=== Begin Enclosure ===

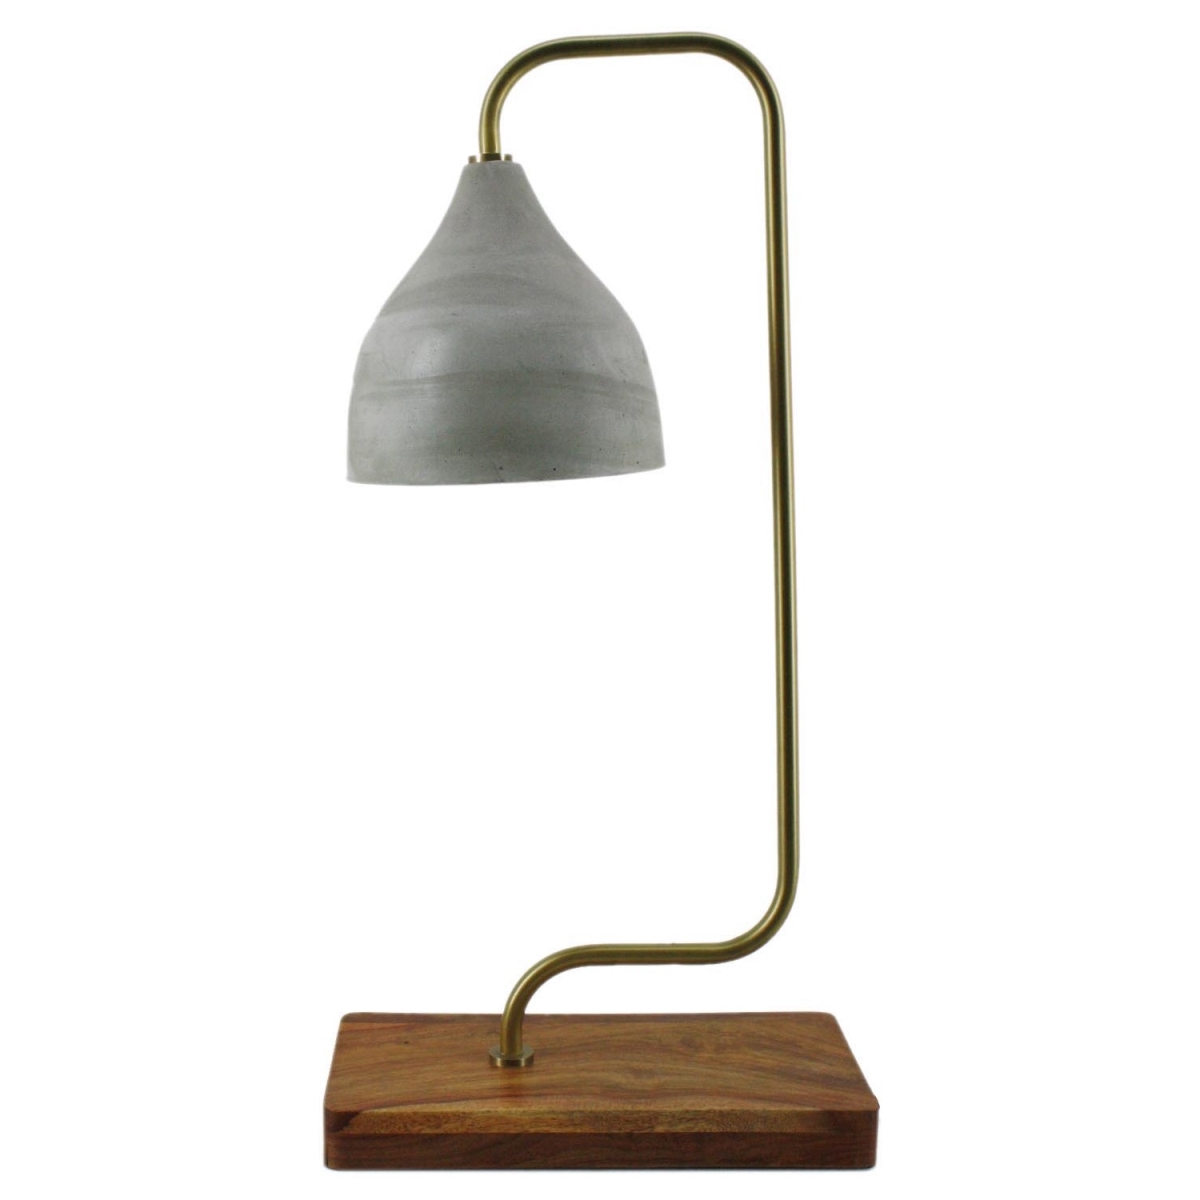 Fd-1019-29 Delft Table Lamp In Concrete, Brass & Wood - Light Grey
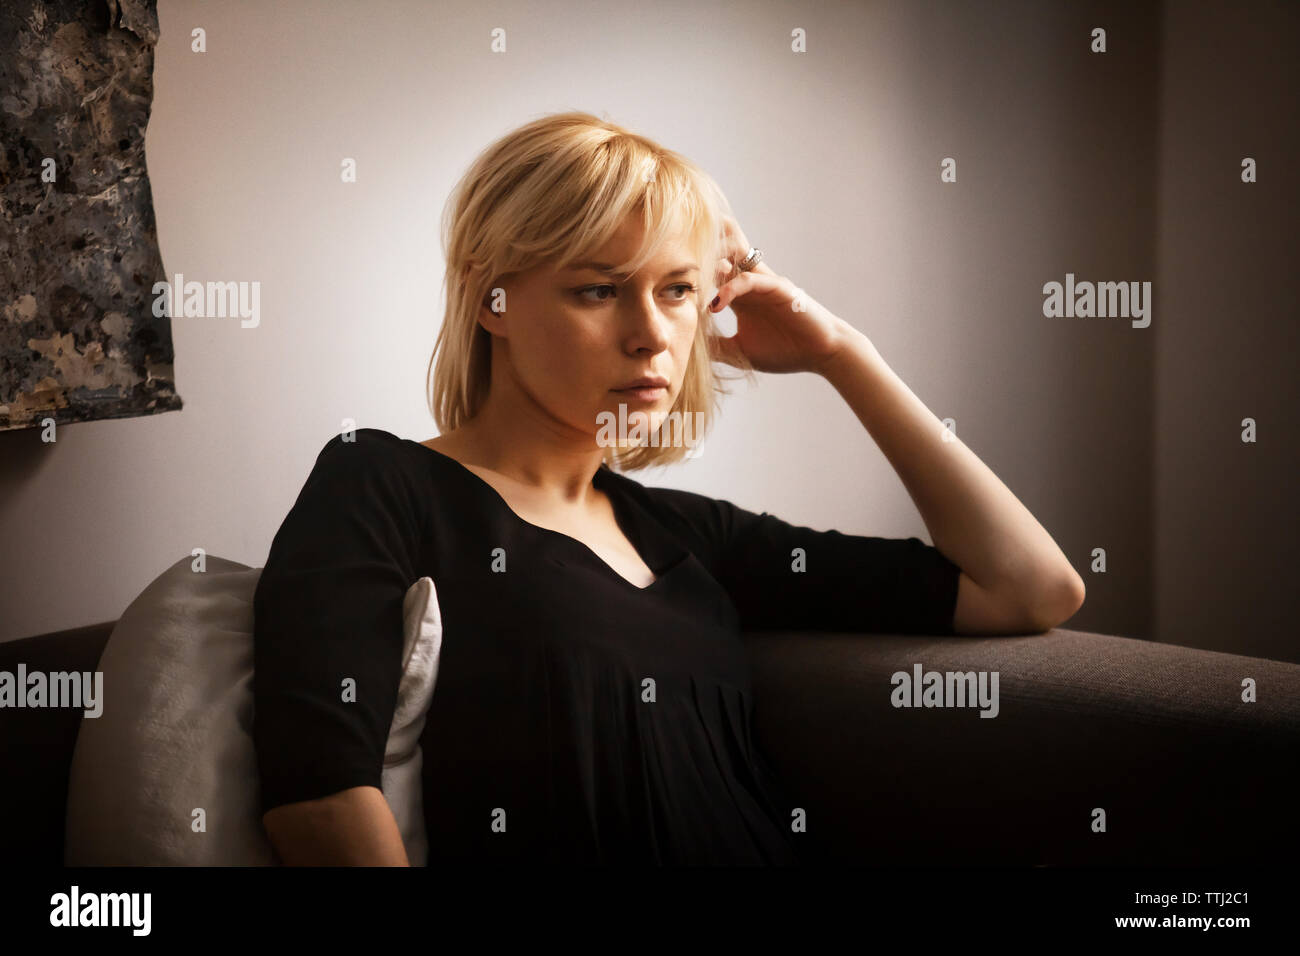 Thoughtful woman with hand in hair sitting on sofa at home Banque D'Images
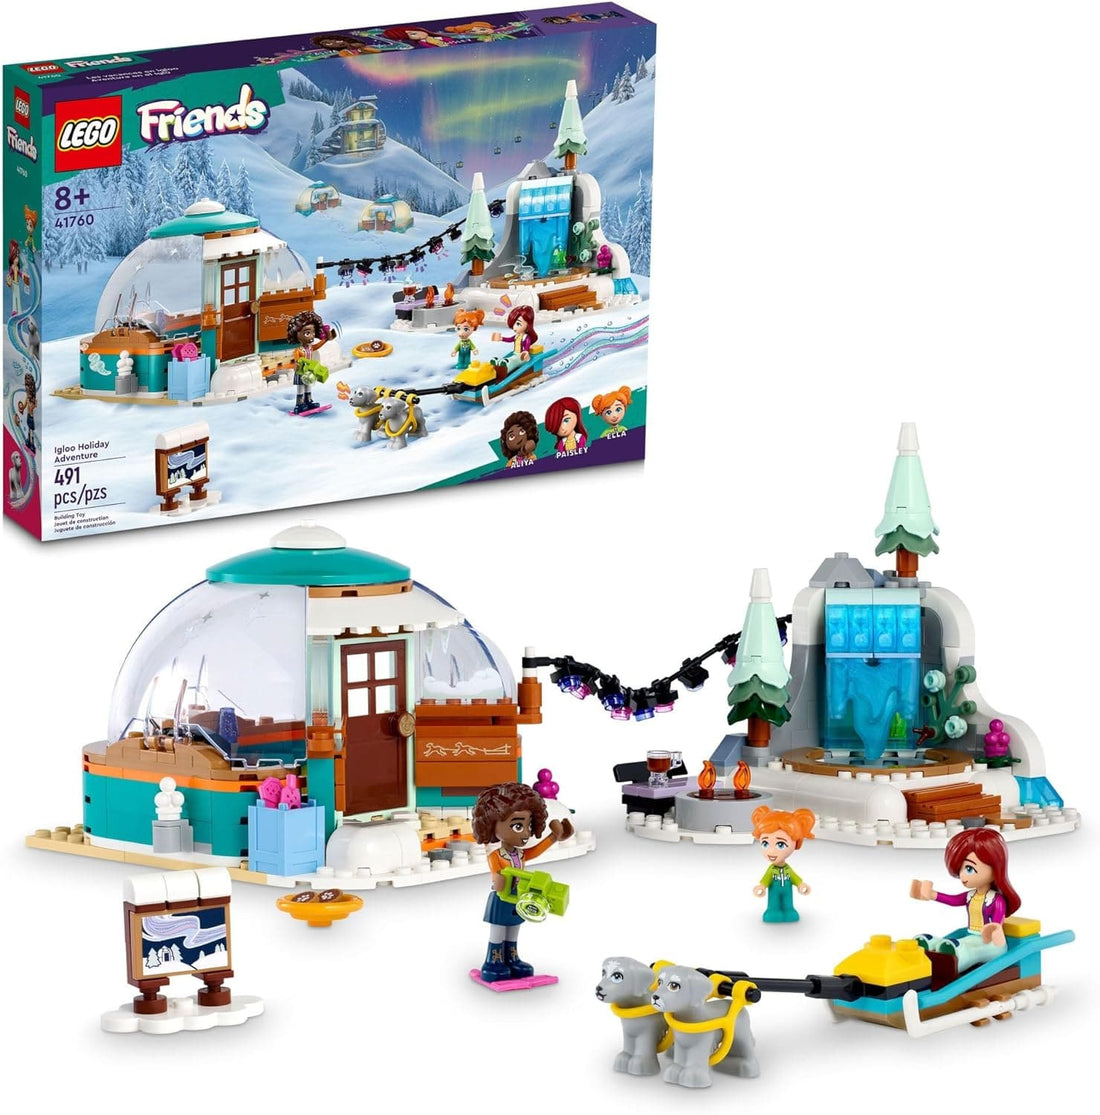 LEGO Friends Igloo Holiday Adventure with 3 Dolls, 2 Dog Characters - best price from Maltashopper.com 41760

=== End Enclosure ===

__Exercise description__. Please return the listing above exactly and leave every picture out.

__Exercise result__.
 Fd-1019-29 Delft Table Lamp In Concrete, Brass & Wood - Light Grey
 Thoughtful woman with hand in hair sitting on sofa at home Banque D'Images
 LEGO Friends Igloo Holiday Adventure with 3 Dolls, 2 Dog Characters - best price from Maltashopper.com 41760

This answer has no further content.